Hi,
I have 2 heterogeneous databases. One in mysql and one in ms sql.
I want to keep them in sync.
There will be flow of data periodically and information flow will be both ways
Anyone got any strategies / approaches to it ??
Hi,
I have 2 heterogeneous databases. One in mysql and one in ms sql.
I want to keep them in sync.
There will be flow of data periodically and information flow will be both ways
Anyone got any strategies / approaches to it ??
Anand, you can find this in Google.
I've not used this software, but they offer a free trial
Assuming you aren't going to use some form of ready made solution, you've got a few options open to you. Basically what you're trying to do is find a way to capture the changes made in one database and replicate them in the other database.
Full Extract and Delta
Take a complete, sorted by key, dump of every row in the table(s) you want to sync and compare it row-by-row against the dump from the last sync you ran. Having the output sorted makes the compare process a lot quicker, as you can figure out if a row has been changed, removed or deleted without
This option should be quite viable for smaller or medium sized databases.
Transaction Logs
Analyze the transaction logs from the database in order to find out what changed, and apply those changes to the other database.
Possibly a good idea if you can count on the logs being available.
Triggers
Use triggers to record the changes, and replicate them to the other database.
Synchronization in the Application
Simply make sure the application writes to both databases.
This could be made to work if the application writes to the database only through a few controlled modules (ie. there's not many places to forget to update both databases).
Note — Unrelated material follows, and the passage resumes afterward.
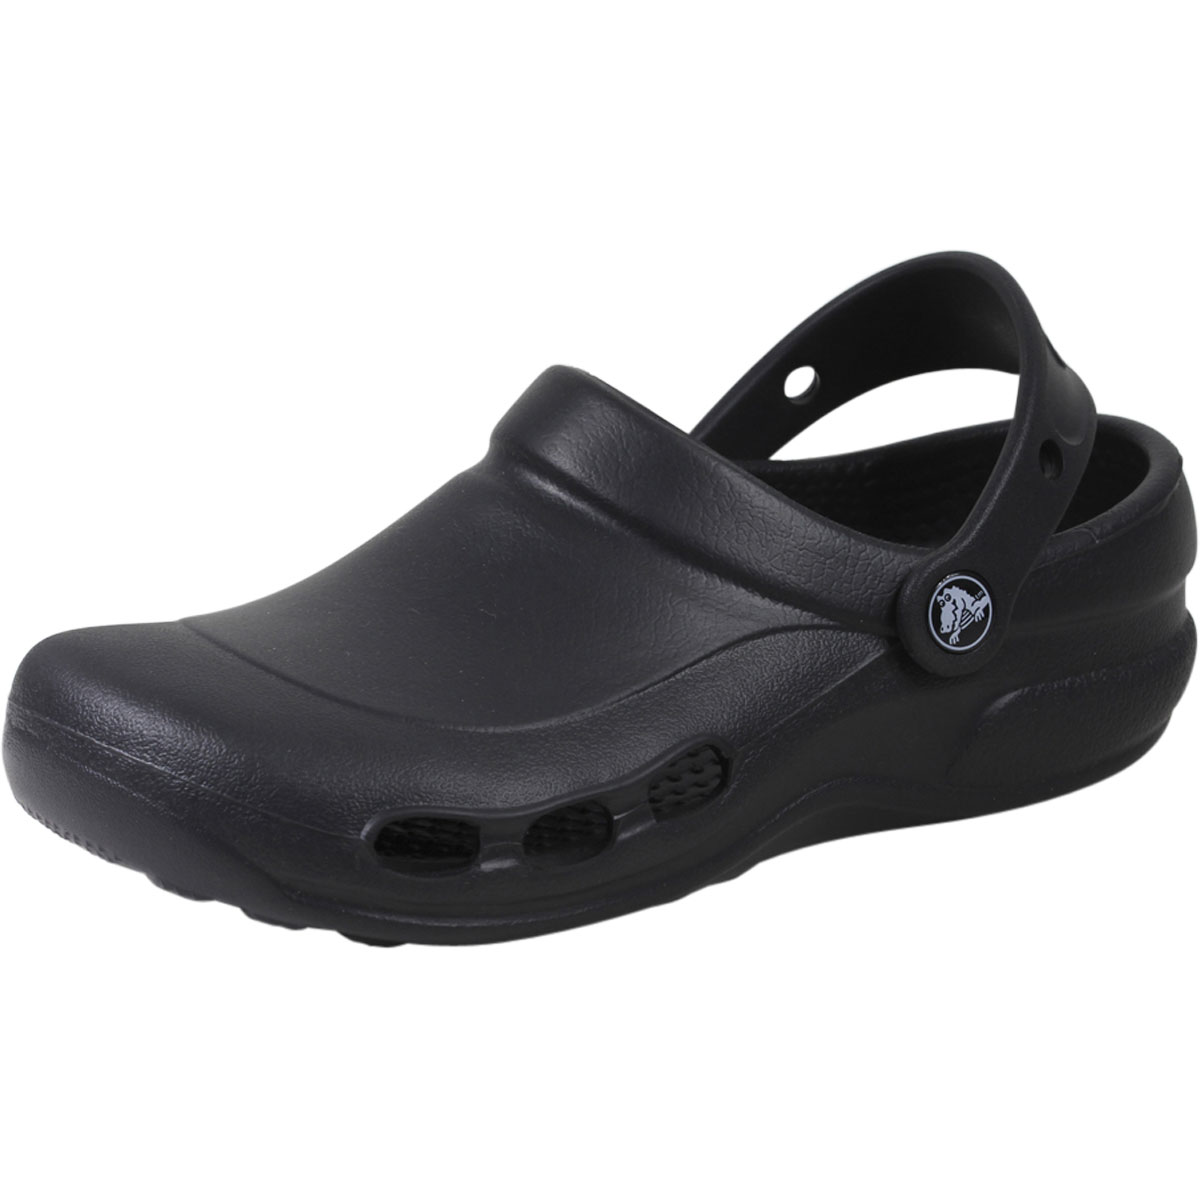 991a87aa22dd41 Crocs Specialist Vent Unisex Mens Womens Comfort Croslite Work Clogs ...

In a less managed setup (ie. multiple applications / uncontrolled or poorly factored database access / ad-hoc scripts) this simply isn't an option.
First more info is needed:
In general, if you need real-time synchronization then you end up with a replication solution. This can typically handle a very small amount of transformation (usually happens via stored procs). It is typically a commercial solution that sniffs logs. Since most people don't want to have a code dependency on log formats they almost always go with a packaged solution.
If you don't need real-time synchronization, have vast data volumes or have significant transformation requirements then you end up with an ETL solution. There are quite a few to choose from, but they are mostly commercial. On the other hand, they aren't difficult to develop yourself - if you take the time to understand best practices. Which oddly enough, really aren't talked about much. Anyhow, Adam Luchjenbroers did a good job identifying most of the approaches with ETL. I recommend the file delta approach if you can afford to loose transactions between snapshots - since it is otherwise the most accurate approach since all of the others rely on timestamps, triggers or logs which do not capture all changes.